Fisher, Blum said, was subjected to harsh online attacks that led him to try to find a way to challenge the colleges without having an individual bear the burden of being identified with the case.
“She was vilified,” he said. “Social media was very unkind and very cruel to Abby, so we certainly didn’t want that to happen again.”
The nonprofit group is a way to raise money to finance the suits and also to file in court without having to name the individual plaintiffs, he said.
His goal with the lawsuits, Blum said, is a truly race-blind society.

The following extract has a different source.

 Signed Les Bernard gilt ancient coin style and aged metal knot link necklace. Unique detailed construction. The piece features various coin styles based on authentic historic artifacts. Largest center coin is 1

“Race should never be a consideration in whether you’re admitted to college, whether you get a job, whether you’re fired or promoted, whether you’re pulled over by a cop, whether you’re eliminated from a jury pool,” he said. “Race should never be an element to help an individual in life or harm an individual in life. That’s the basis of all this. Using race is unfair, unnecessary and unconstitutional.”
Not surprisingly, there are people who question Blum’s motives.

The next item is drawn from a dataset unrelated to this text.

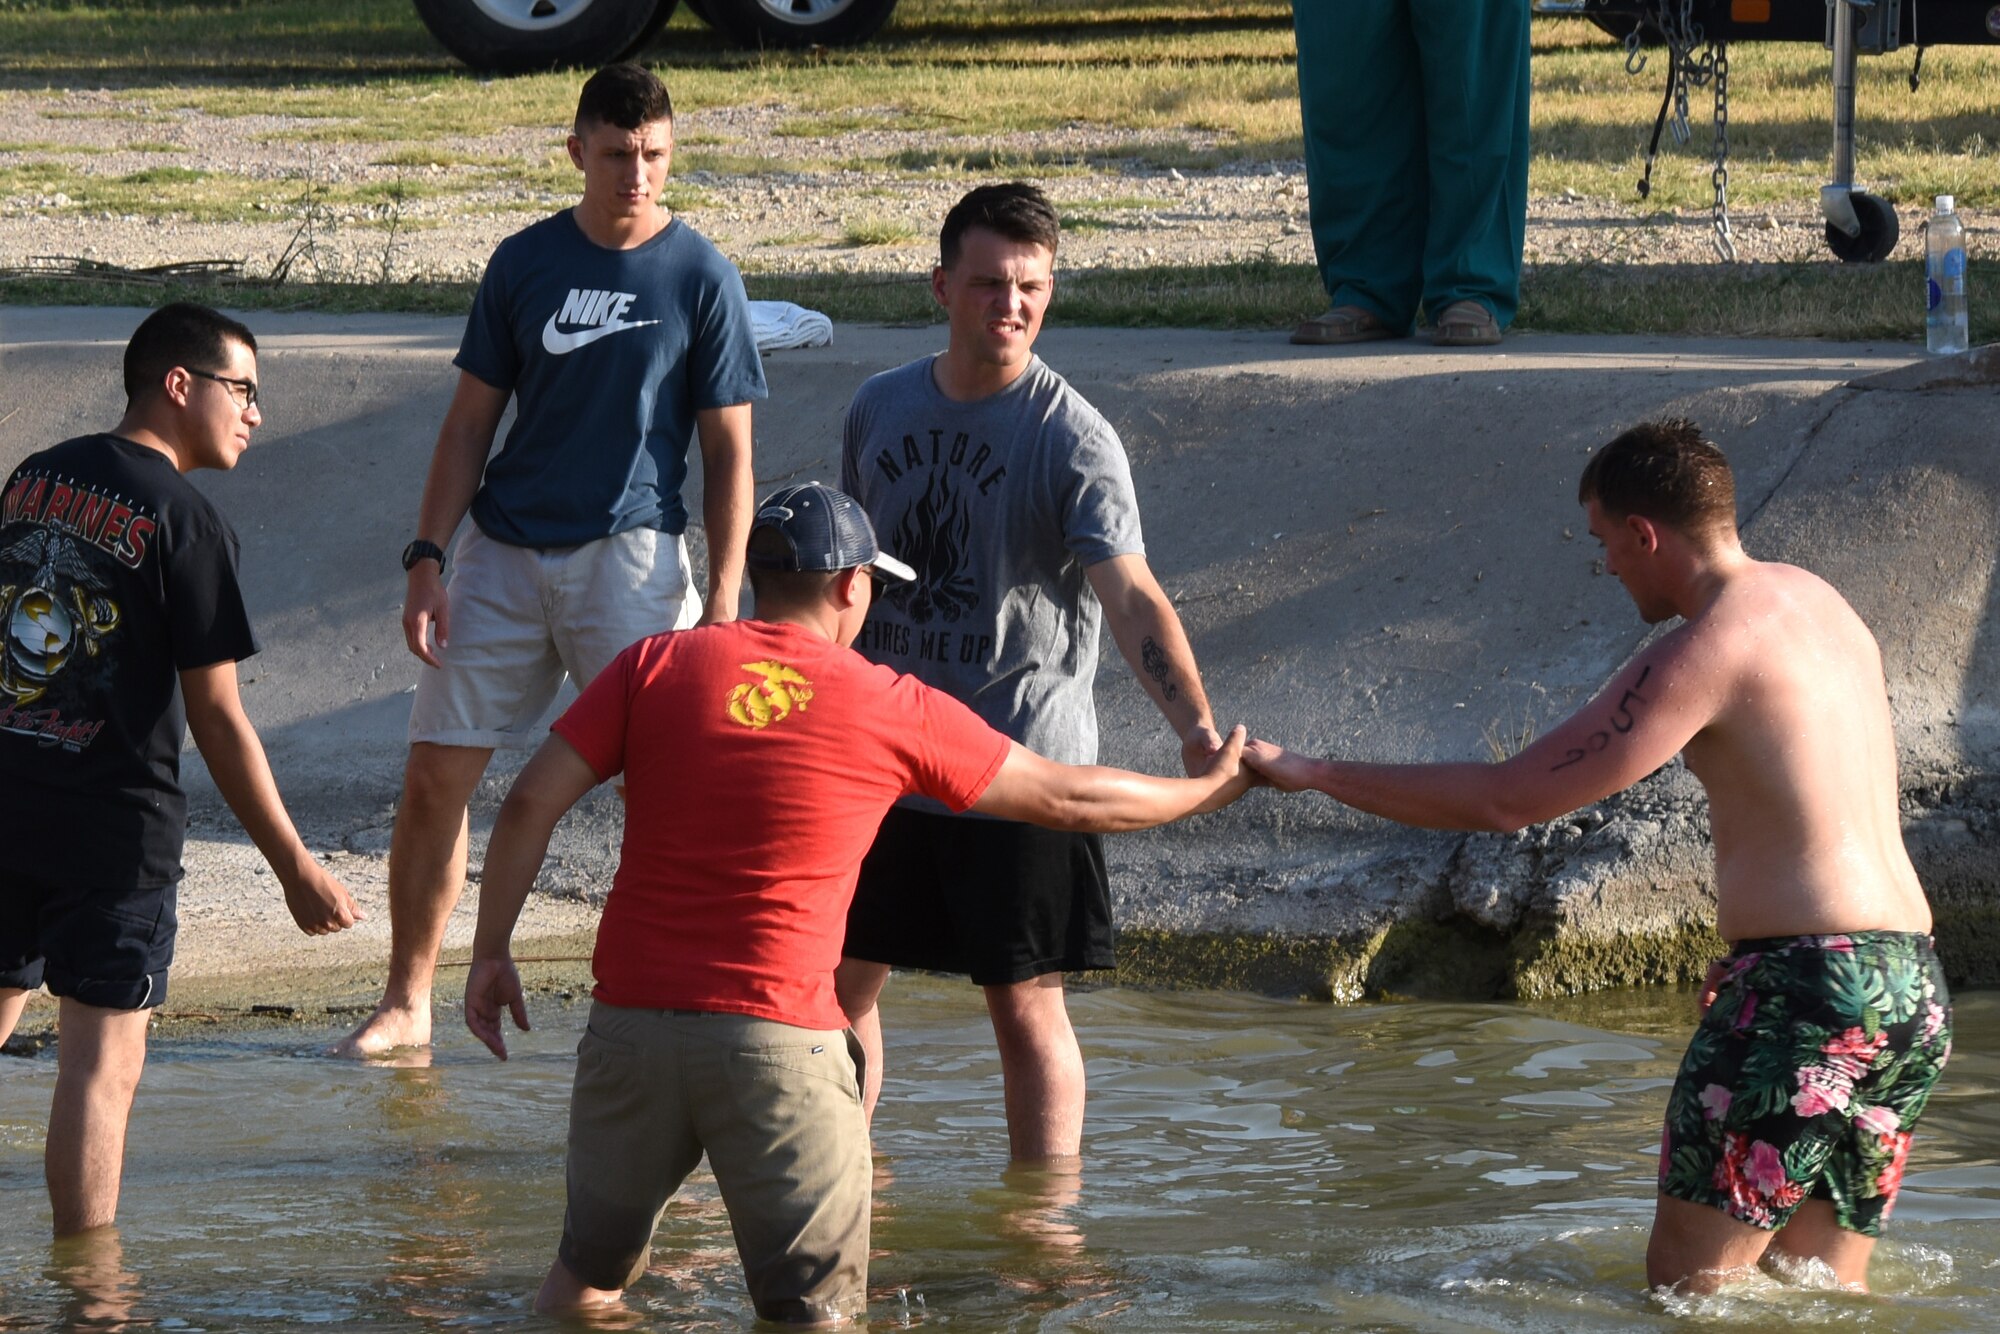 Volunteers help a triathlon participant out of Lake Nasworthy during the Goodfellow Annual Triathlon at the Goodfellow Air Force Base Recreation Camp San Angelo, Texas, July 28, 2018. A 400 meter swim was the first section of the triathlon followed by a 20K bike ride and a 5K run. (U.S. Air Force photo by Airman 1st Class Zachary Chapman/Released)

“During the long struggle for racial equality in this country, there have always been people who fought back against that and Ed Blum is one of those people,” said Zachary Heiden, legal director of the American Civil Liberties Union of Maine. “Mr. Blum is going after the very modest rules that have been established to ensure the progress that has been made on racial equality.”
But Blum said he thinks that colleges should focus on economic disadvantages, not race, among prospective students, in seeking a more diverse student body. A large part of Harvard’s student body still consists of students from wealthy families who attended private schools, and that’s the inequality the school should focus on eliminating, he said.

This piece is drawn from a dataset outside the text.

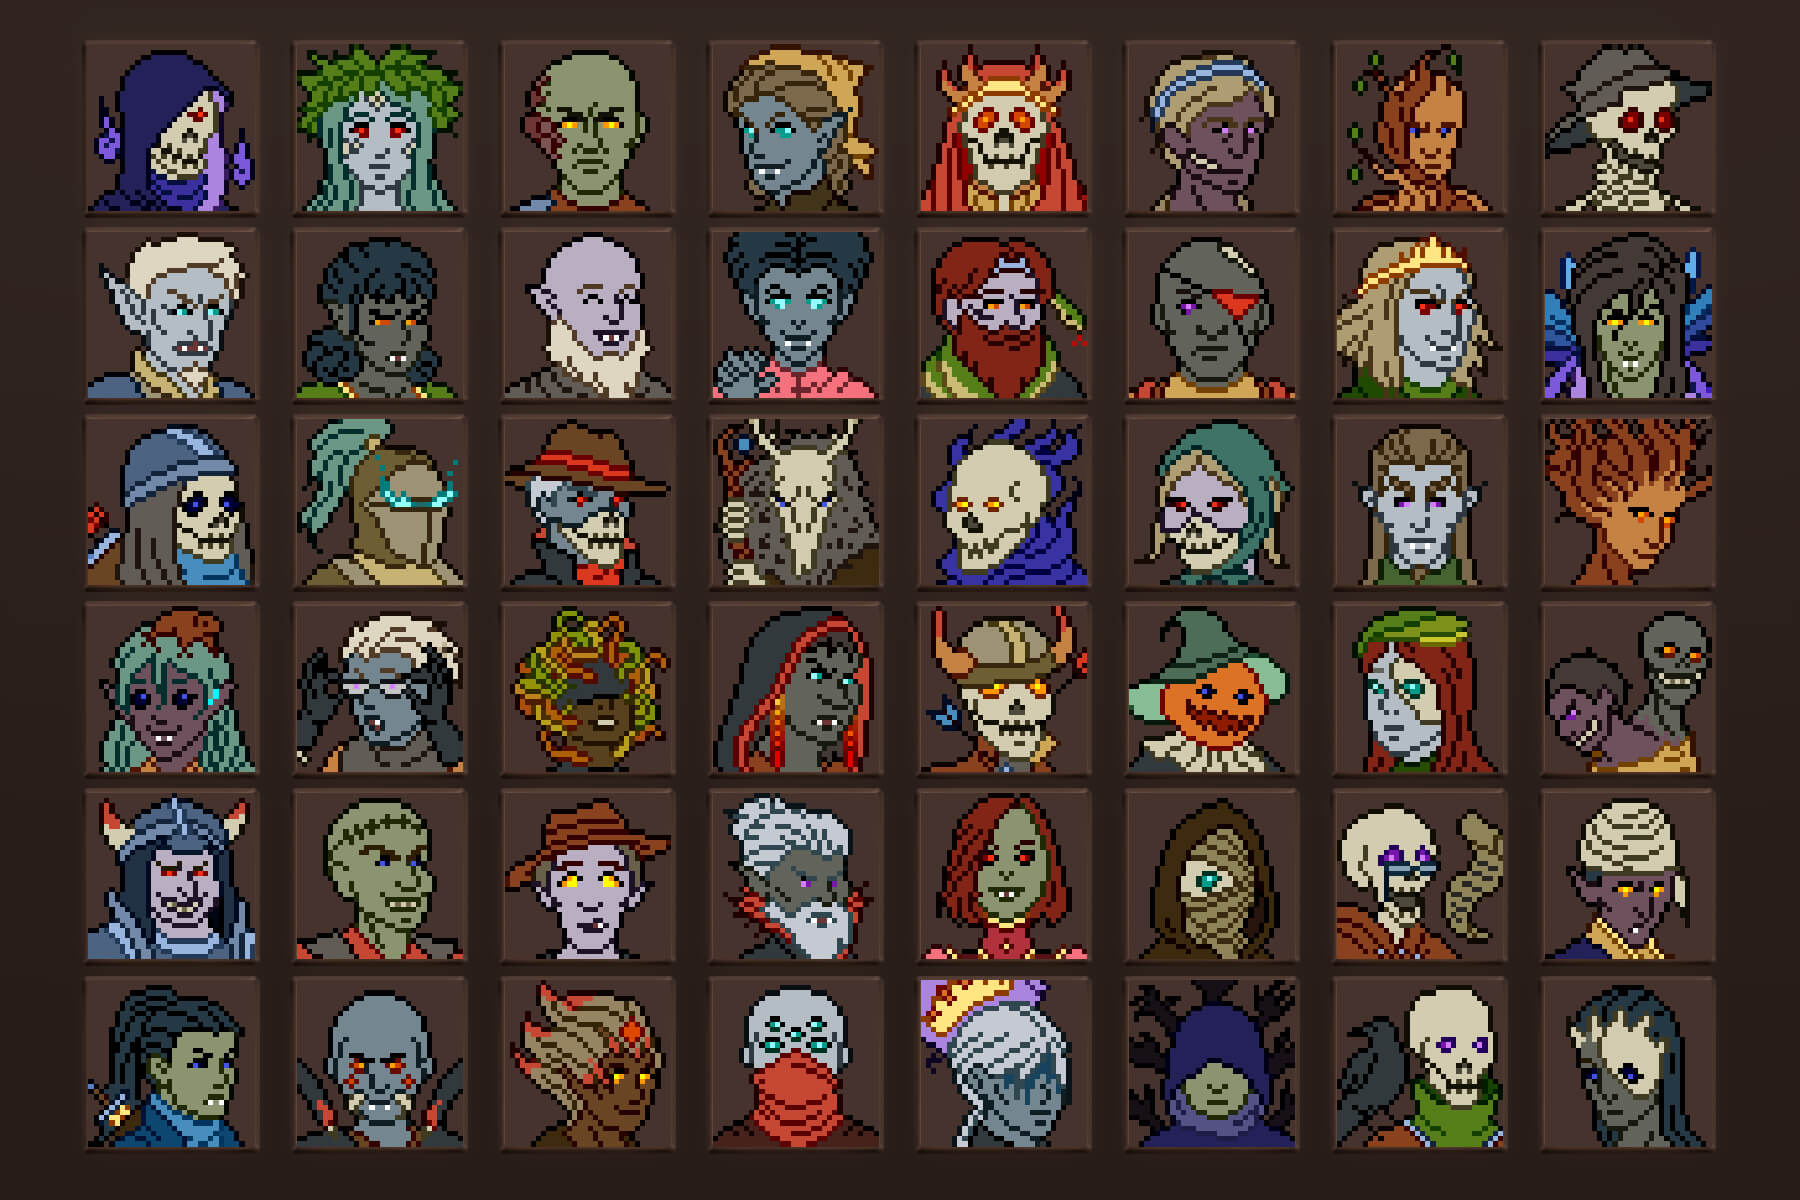 Undead Avatars 32x32 by Free Game Assets (GUI, Sprite, Tilesets)

Taking out race as a factor, he said, and substituting those more diverse backgrounds, would probably result in a less white student body.
FOCUS ON ASIAN-AMERICANS
The legal challenge to Harvard’s admission policies, Blum said, rests on the argument that the school excludes many Asian-American students who qualify for admission.
It’s similar to an approach Harvard used in the 1920s and ’30s, he said, when the school allegedly limited how many Jewish students could attend.
“Harvard is really doing the same thing with Asian applicants,” he said. “They don’t want too many Asians there.”
The legal team has a Maine flavor, Blum said, with Patrick Strawbridge, a Maine native and resident, as one of the key members.
Blum jokes that his lawyers are “grossly overpaid,” although most offer to work for less than their normal rate to take part in high-profile cases likely to end up before the Supreme Court.
“They do give me significant discounts on cases like this,” he said. “This is why kids go to law school. They want cases like this.”
Blum argues that the public agrees with him, pointing to a Gallup poll last year that found that 65 percent of people disagreed with the Supreme Court’s ruling in the Fisher case.
While Blum takes a pragmatic approach to choosing which cases he should pursue, he said his connection to Maine is more emotional.
He and his wife honeymooned in Maine in 1981, he said, and returned to the state almost every summer, for longer and longer stays.
They bought a house in Camden in 2003 and have since moved to South Thomaston, which he said he prizes for its “downtown,” consisting of a store and post office.
They spend less than six months a year in the state, he said, relocating to Florida in the winter to escape the harsh weather and Maine’s income taxes. But if his wife had her way, Blum said, the couple would live in Maine year-round.
For now, he said, that’s one decision on which he holds sway. “Between the weather and the taxes, I’m going to have to trump her desire,” he said.